Applying the same criteria that psychometricians used to validate the Big Five in developed countries, we see that the vast majority of survey data from developing countries does not pass the test. A set of items meant as proxy for a specific personality trait can capture other factors and lead to incorrect inferences. The lack of support for the Big Five factor model across a large set of surveys in diverse contexts indicates that the issues identified are not unique to a specific data collection exercise. Instead, it points to a general problem in the measure of personality traits through survey data in developing countries.
Policy implications: The risk of misinterpreting non-cognitive skills
These findings entail key lessons for researchers aiming to understand the role of skills in low- and middle-income countries. Our work highlights the risk of misinterpreting non-cognitive skills and personality survey data and provides a warning against naïve interpretations without evidence of validity. Data validation in each context is therefore a must. Inference is only credible if the data has a clear structure and good reliability and validity.
Some precautions that can help reduce enumerator and response biases are to:
- improve the quality of translations and comprehensibility for respondents with lower cognitive ability,
- apply structural methods on cognitive and knowledge tests to improve the reliability of the measures, and,
- randomise the assignment of enumerators in field experiments.
More broadly, the findings call for the development of innovative methods that more accurately capture specific skills and personality traits in developing country surveys. This would need to focus on reducing the impact of response patterns, enumerator interactions, and be more adapted to the context and mode of administration.
References
Heckman, J, J Stixrud and S Urzua (2006), “The effects of cognitive and non-cognitive abilities on labour market outcomes and social behaviour”, Journal of Labour Economics, 24 (3): 411-482.
Laajaj, R and K Macours (2020), “Measuring skills in developing countries”, Journal of Human Resources, forthcoming.
Laajaj, R, K Macours, O Arias, S Gosling, D Pinzón Hernández, J Potter, M Rubio-Codina and R Vakis (2019), “Challenges to capture the big five personality traits in non-WEIRD populations”, Science Advances 5: eaaw5226.
Lagakos, D and M Waught (2013), “Selection, agriculture, and cross-country productivity differences”, American Economic Review 103 (2): 948-980.

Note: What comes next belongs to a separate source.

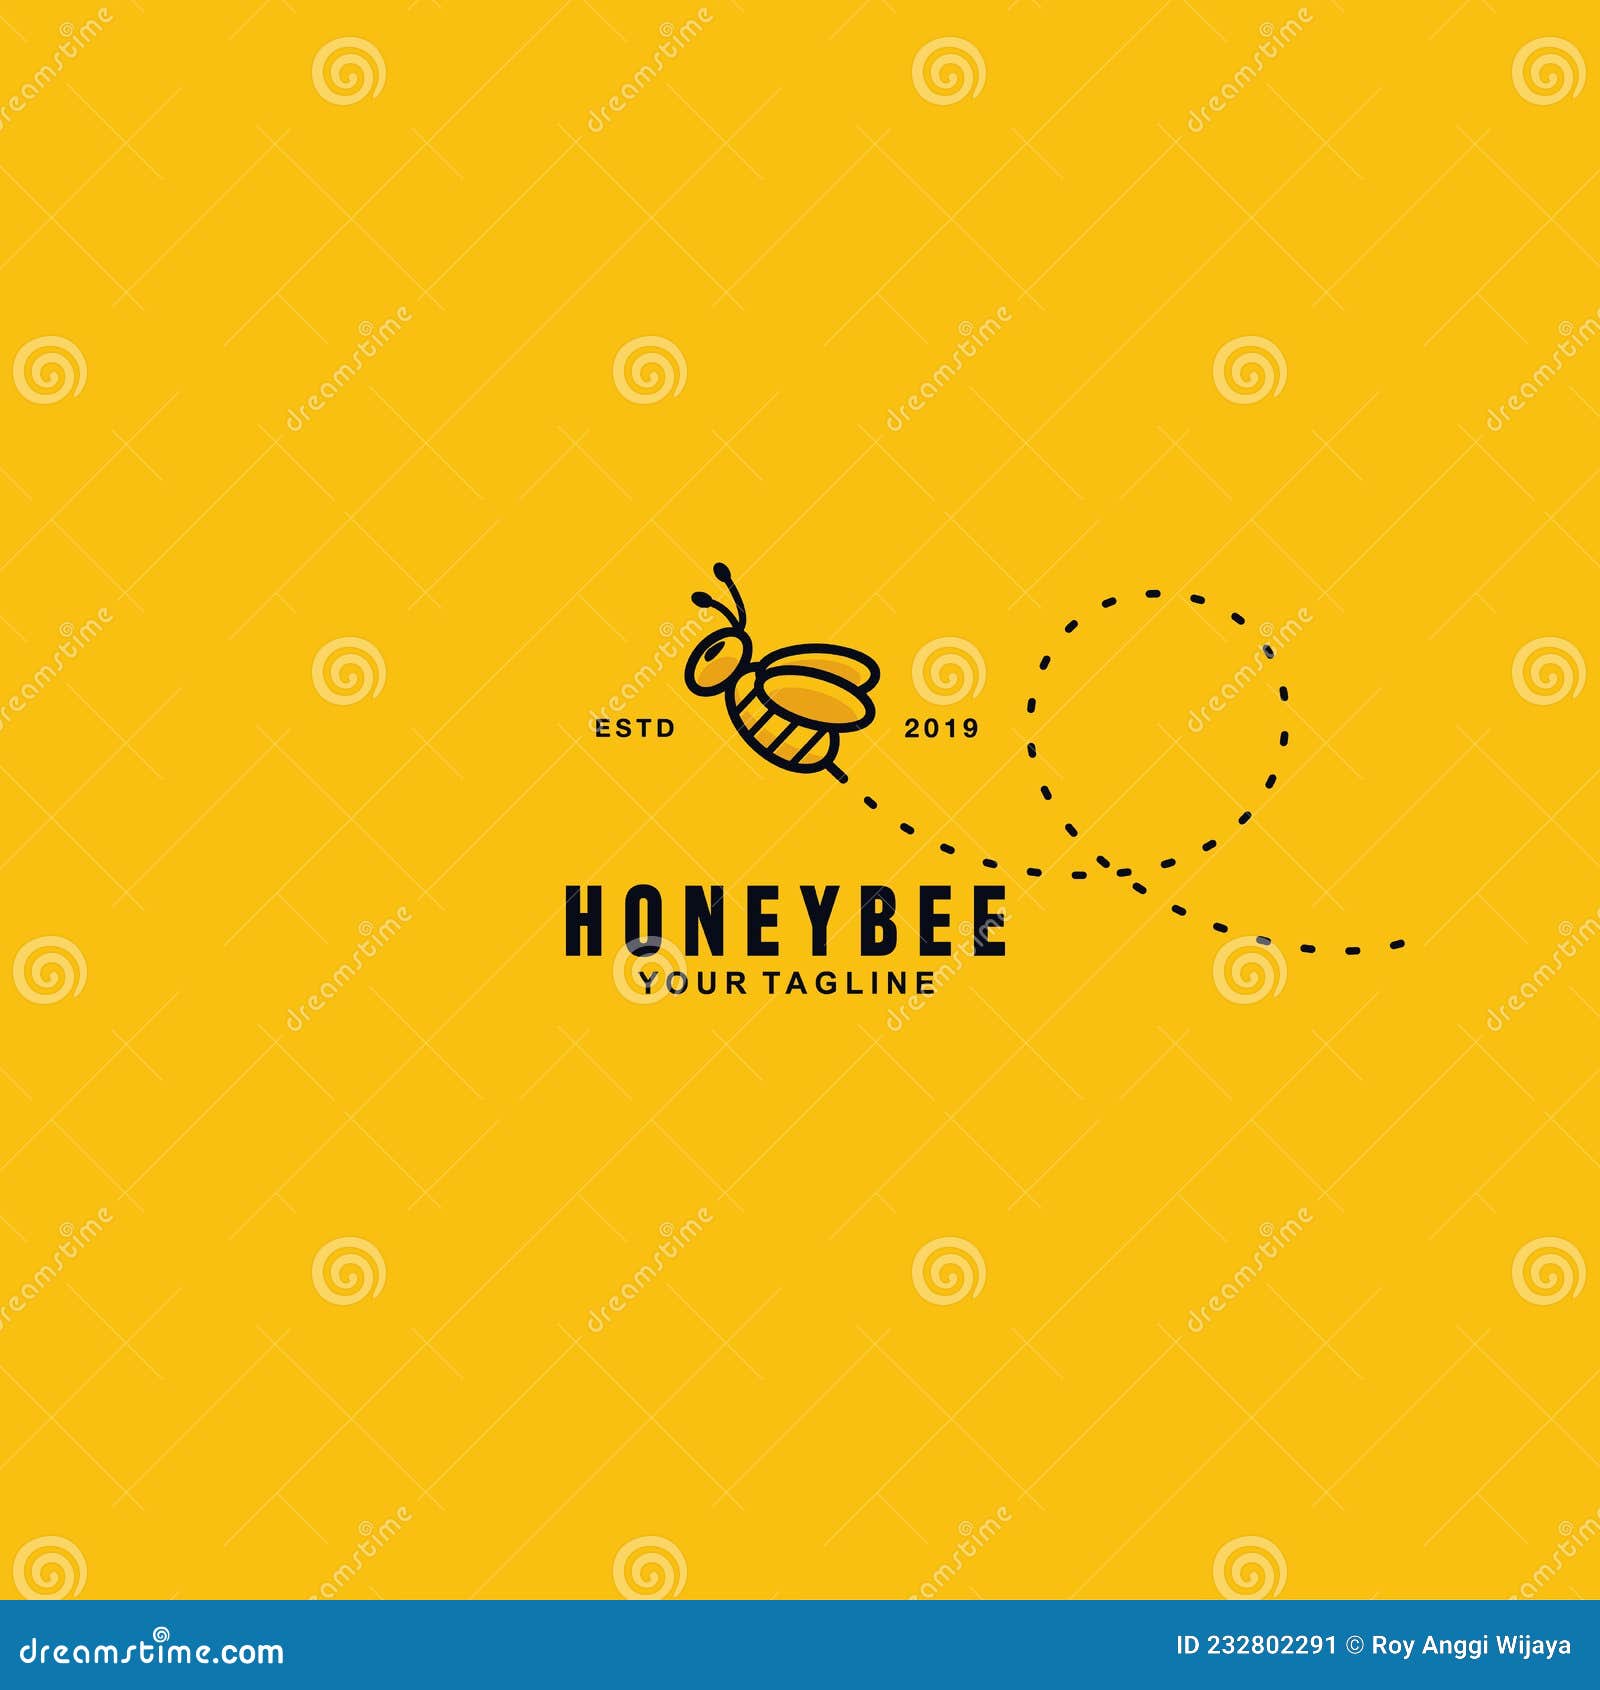 Cute Honey Bee Logo Design Template with Background and Shadow Stock Vector  - Illustration of graphic, farm: 232802291

Schmitt, D, J Allik, R McCrae and V Benet-Martínez (2007), “The geographic distribution of Big Five personality traits: Patterns and profiles of human self-description across 56 nations”, Journal of Cross-Cultural Psychology 38(2): 173-212.
Endnotes
[1] We further compare with data from 198,365 self-selected respondents of internet surveys from the same countries. This data do reflect the factor structure commonly found in the US and other Western Educated Industrialized Rich and Democratic (WEIRD) populations. This suggests that cultural and language differences are not the main driver of low validity in face-to-face surveys in low- and middle-income countries.